Love You, the second of this two-album set (thank you Capitol Records) was the last Brian Wilson-produced Beach Boys album before this year’s That’s Why God Made The Radio. And while it’s a ramshackle shadow of his glorious ’60s work, it’s an oddly compelling little masterpiece all the same, and my favorite of all the ’70s Beach Boys albums I’ve heard (Carl & the Passions and Holland have still managed to evade my ears). Wilson’s songwriting is straight-up goofy in places, and at times painfully childlike, but it adds to Love You’s ragged blend of synthesizers and doo-wop harmonies – “Johnny Carson” is the weirdest Beach Boys song ever, a straight-faced ode to the celebrity whose verses have a strangely ominous melody. And “Solar System” is a 2nd grade astronomy lesson sung by a blissed-out organist – but because it features Brian’s voice at its hoarsest, it’s also a bit of pop innocence that’s streaked with something sadder. Then there’s the heartbreakers – “Let’s Put Our Hearts Together,” a crushing duet between Wilson and his indifferent-sounding wife Marilyn, and “Love Is A Woman,” where Wilson, Mike Love and Al Jardine compel us to treat women nicely over a Fats Domino-ish arrangement. When Wilson sings, “Tell her she smells good tonight,” it’s so awkward, and so perfectly earnest, I can’t help but get chills.

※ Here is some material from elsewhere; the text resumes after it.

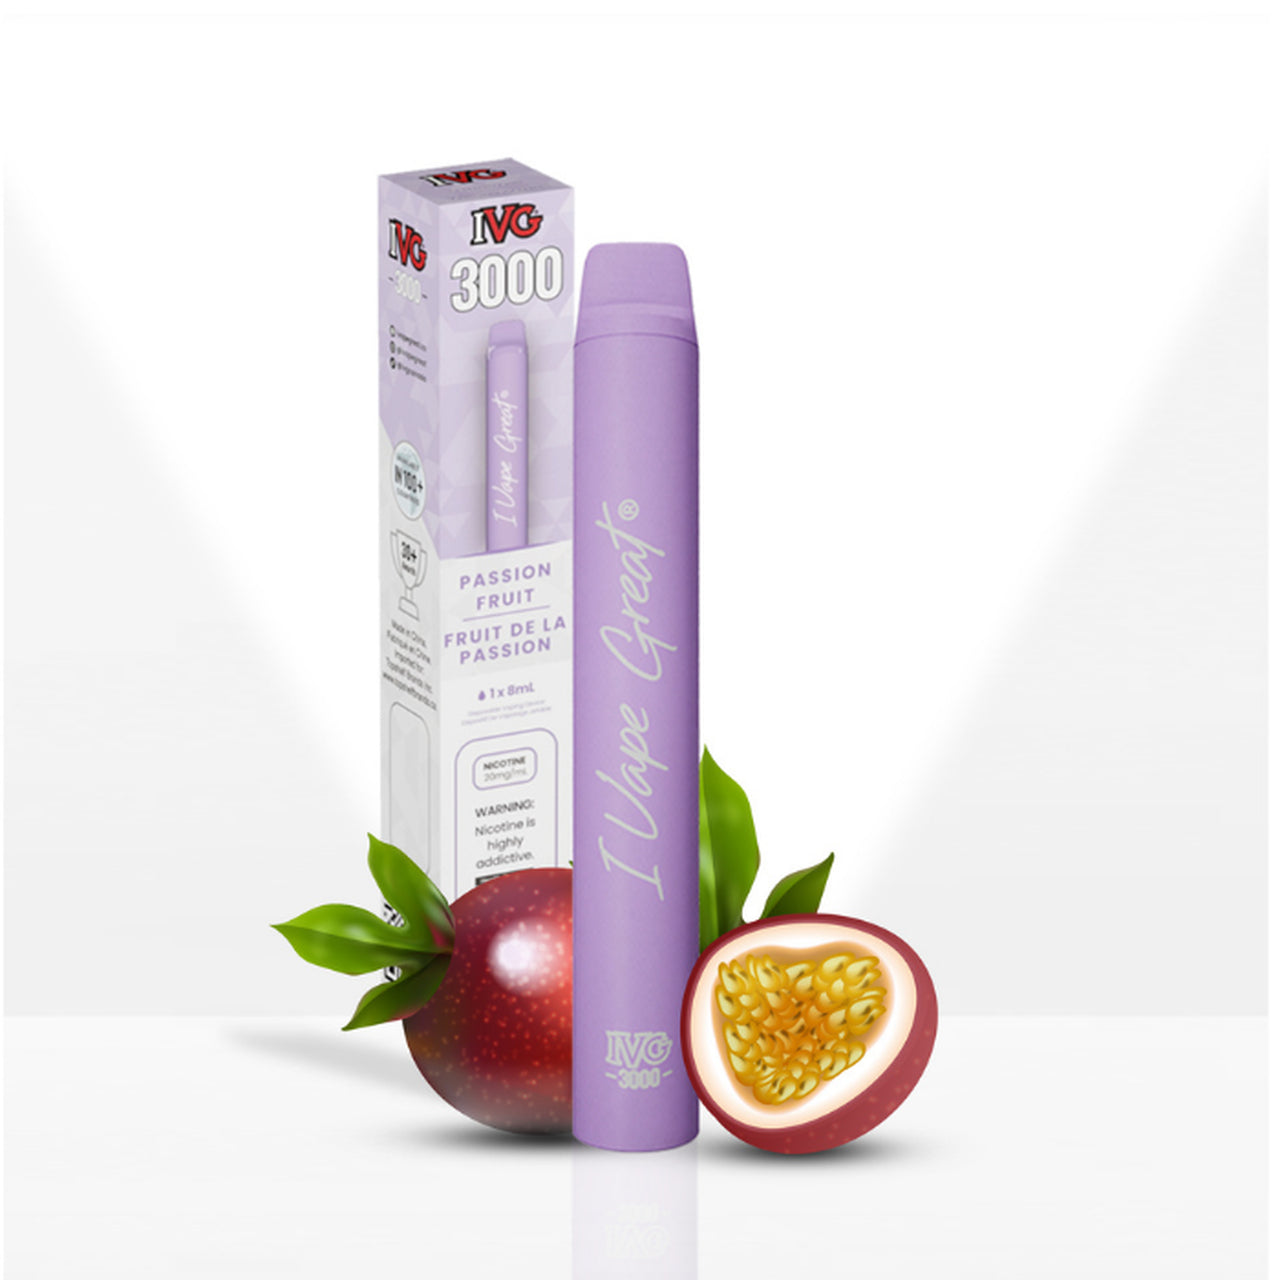 Passion Fruit - IVG 3000 Puffs Disposable Vape - 6ct

The Beach Boys – Pet Sounds (1966)

I’m not really sure what the critics think about this one, but I’ll be bold enough to come right out and say it – Pet Sounds is good. Honestly, it would be a waste of all of our precious time to blather on about the swirling, magnificently dense arrangements, the bittersweet love songs to beat all bittersweet love songs, the force of nature that is the band’s vocal harmonies. The Beach Boys have always been obsessed with the trappings of summer, but I think Brian Wilson was more obsessed with the brutally temporary nature of that season – before you know it, school’s back in session, the leaves are falling, and you’re starting to wonder if you were made for these times. Pet Sounds was summer for the Beach Boys, a time when their talents were in full blossom, their ingenious leader was as confident and prolific as he ever would be, and their songs were on the charts. Then they blinked an eye, and it was September.